The Java programming language and runtime system were designed with security in mind. For example, pointer manipulation is implicit and hidden from the programmer, and any attempt to reference a null pointer results in an exception being thrown. Similarly, an exception results from any attempt to access an array or a string outside of its bounds. Java is a strongly typed language, and all implicit type conversions are well defined and platform independent, as are the arithmetic types and conversions. The Java Virtual Machine (JVM) has a built-in bytecode verifier to ensure that the bytecode being run conforms to the Java™ Language Specification: Java SE 7 Edition (JLS) so that all the checks defined in the language are in place and cannot be circumvented.
The Java class loader mechanism identifies classes as they are loaded into the JVM and can distinguish between trusted system classes and other classes that may not be trusted. Classes from external sources can be given privileges by digitally signing them; these digital signatures can also be examined by the class loader, and contribute to the class’s identification. Java also provides an extensible fine-grained security mechanism that enables the programmer to control access to resources such as system information, files, sockets, and any other security-sensitive resources that the programmer wishes to use. This security mechanism can require that a runtime security manager be in place to enforce a security policy. A security manager and its security policy are usually specified by command-line arguments, but they may be installed programmatically, provided that such an action is not already disallowed by an existing security policy. Privileges to access resources may be extended to nonsystem Java classes by relying on the identification provided by the class loader mechanism.
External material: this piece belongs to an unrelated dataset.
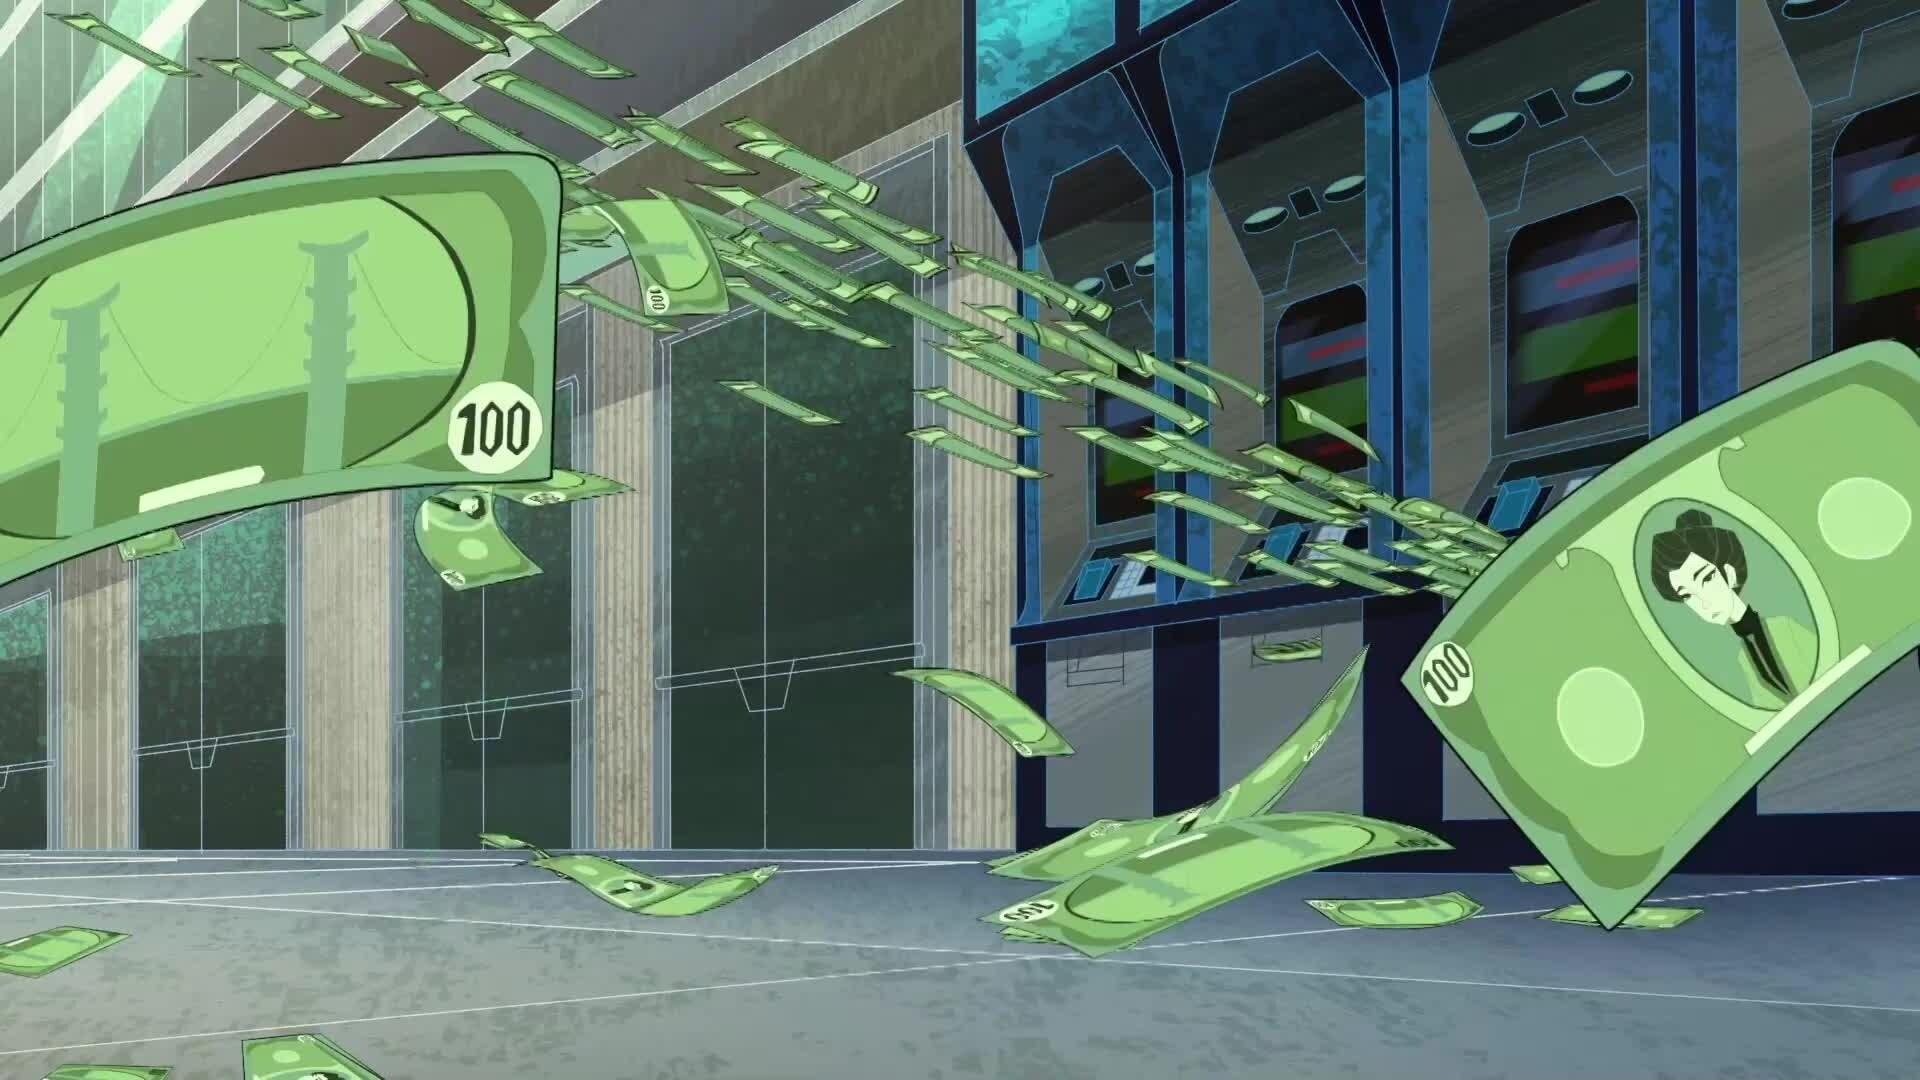 Baymax: Robowabohu in Serie - Der Bot-Fighter

Enterprise Java applications are susceptible to attacks because they accept untrusted input and interact with complex subsystems. Injection attacks (such as cross-site scripting [XSS], XPath, and LDAP injection) are possible when the components susceptible to these attacks are used in the application. An effective mitigation strategy is to whitelist input and encode or escape output before it is processed for rendering.
This chapter contains guidelines that are concerned specifically with ensuring the security of Java-based applications. Guidelines dealing with the following security nuances are articulated:
- Dealing with sensitive data
- Avoiding common injection attacks
- Language features that can be misused to compromise security
- Details of Java’s fine-grained security mechanism